Good to know that answering that question actually does something. I think the hole in the system will be the guest messaging me if they can’t find the listing. I’ve had many prior guests message me to inquire about dates and more recently to check in on how I am during the Pandemic.
I think, though I am not sure, that the original booking guest who has been "would not host again"d can not message you. Someone here will surely know if you also have to block them, to prevent msg’ing. If in doubt, just block them now - it can’t hurt. But I can’t be sure if you need to. And who knows what little changes Air makes and doesn’t tell us about.
“Look, you’ve got to do me a favour here, I’d be really grateful. You were probably new to Airbnb when you stayed here before and so didn’t realise that the Airbnb way is to leave a place in good shape. In the condition you found it is what they say. You know it was a mess last time so please be sure to leave it clean and tidy this stay. Thanks SO much.”
I can’t see that telling guests they left a mess the last time would go over very well. Not even if you couched it in “I know you were new to Airbnb”.

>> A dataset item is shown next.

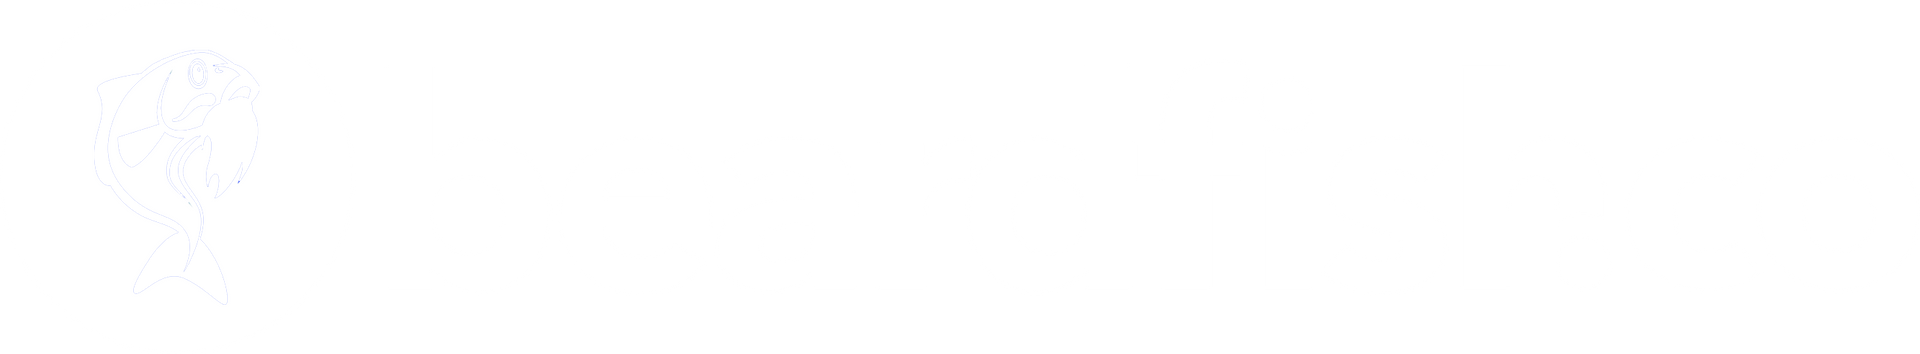 beardfish.co logo

If it was a young guest who simply didn’t know any better and who I could talk to like they were one of my teenage grandkids, I might. “Hey dude, you’re a nice person, but you left quite a mess behind you last time- Airbnb hosts aren’t your mommy or maid and I already raised three kids- think you could clean up after yourself this time?”
It’s interesting the different definitions that hosts have for “a mess”. Seems like most hosts on this forum are pretty realistic in terms of what to expect in a str rental. But I’ve read posts from hosts who posted photos of what they considered to be a huge mess- half a dozen dirty dishes left in the sink, a few stray pieces of garbage, a pile of blankets on the couch, some toothpaste smeared on the bathroom counter. I can’t imagine what they expected when they went into hosting. One old biddy was ever so upset because her guest had used the “decorative towel” she had in the bathroom and wondered if she should mention it in the review.
I don’t know that it does go down particularly well but it certainly works. I use IB and if I see that forthcoming guests have received less than perfect reviews I mention it to them during the house tour. It’s never been a problem and I’m pretty sure it’s worked every time.
When hosts use IB there could possibly be a chance that guests who have been problems in the past will book because there’s no vetting process. So it could be that I and some other IB users get more than their fair share. If I didn’t tell them then they wouldn’t know how to behave at my place.
I’ve done the same thing with repeat guests. Again, it works.
Oh, I totally agree about making cleanliness expectations known, and if I saw guest’s reviews that said they were otherwise good guests, but left quite a mess, I’d respond to their booking request (or if I used IB, in a first message to the guest) saying the only thing that would make me reticent about accepting their booking were the mentions of a mess left behind in their past reviews, and ask if they now understood that it’s expected that guests clean up their personal messes.
I was more responding to telling a repeat guest, only after they arrive, that “you know you left it a mess last time” and that you expect better. That’s what I think wouldn’t go over well.